Luigi withdrew from Rome into the Roman countryside, taxing it without mercy and permitting a climate of theft and murder.
When his father was elevated to the papacy as Paul III in 1534, his first action was to make Pier Luigi's eldest son, Alessandro Farnese, a cardinal. But Charles V only reluctantly allowed the granting of titles to Pier Luigi agreeing an annual pension on the condition that the news was not made public.
The office of Captain General of the Church had become vacant, and Paul nominated his son. Pier Luigi traveled through the Papal States defeating pockets of resistance before arriving in triumph at Piacenza.

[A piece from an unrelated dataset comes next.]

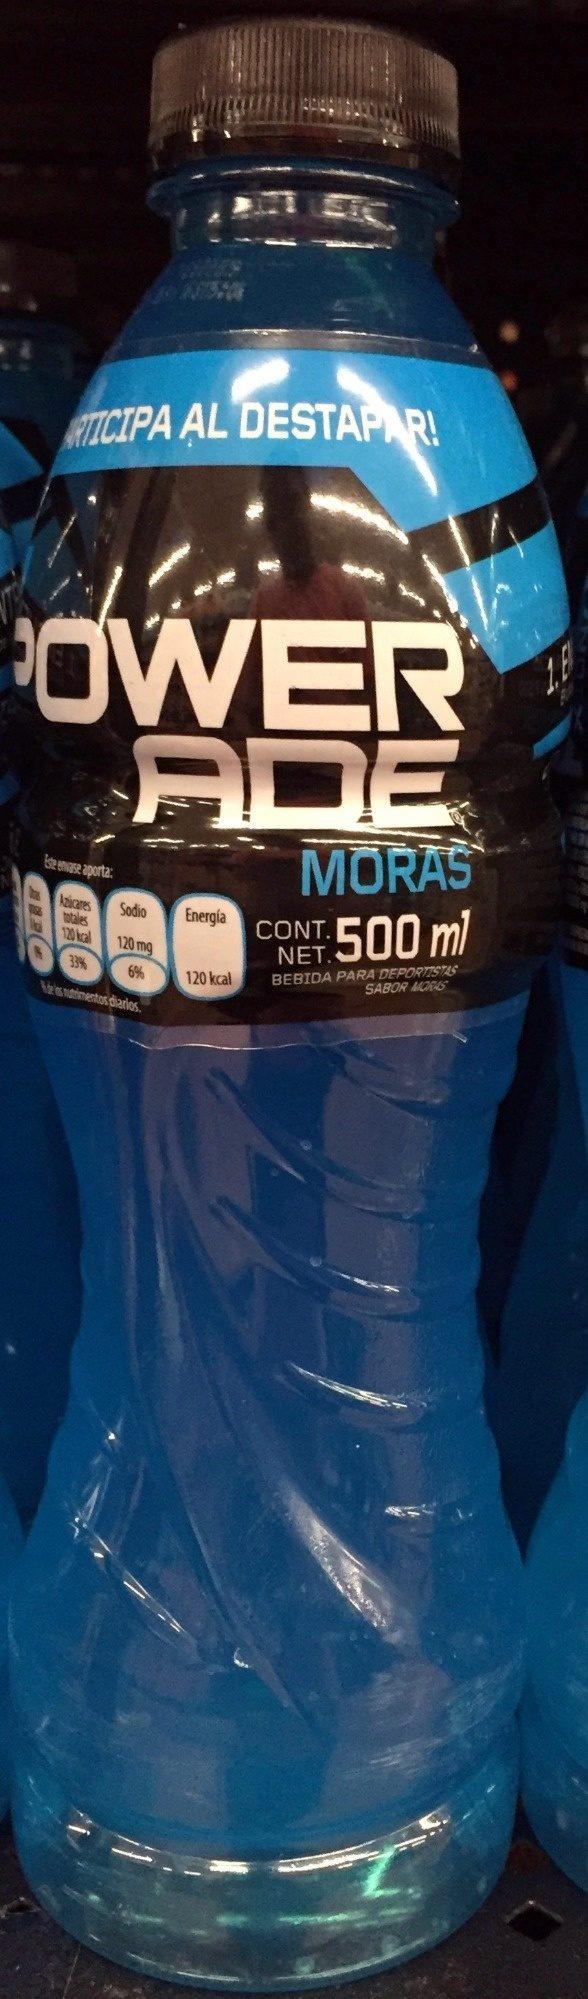 Powerade sabor Moras - Product

The Duchy of Castro operated as a functioning State within the Patrimony of Saint Peter. It possessed rich forests full of game, fertile vineyards and fields, and a great number of fortresses. The Pope also awarded his son the cities of Nepi and Ronciglione. Pier Luigi was tasked with repairing all the fortresses over which he was now feudal lord. During his life Pier Luigi gained a certain reputation for cruelty, ruthlessness and decadence. A particular scandal erupted in 1537, when he was accused of raping a young bishop Cosimo Gheri, who subsequently died.
Eventually to no one's surprise, Pier's reputation caught up with him and he was stabbed him to death. The conspirators hung his body from a window of his palace in Piacenza. Pier Luigi's body was brought back and buried in Piacenza; later the body was transported to the family tomb on the island of Bisentina on Lake Bolsena.
Pier Luigi Farnese had married Girolama Orsini and sired four children. Letters exist from Pier Luigi's father, Paul III, reproaching him for taking male lovers when on an official mission to the court of the emperor; and another from the chancellor of the Florentine embassy detailing a man-hunt he had mounted in Rome to search for a youth who had refused his advances.
So historians feel safe in labeling him as a bisexual. While not exactly a “hero” he definitely shaped the course of Italian history.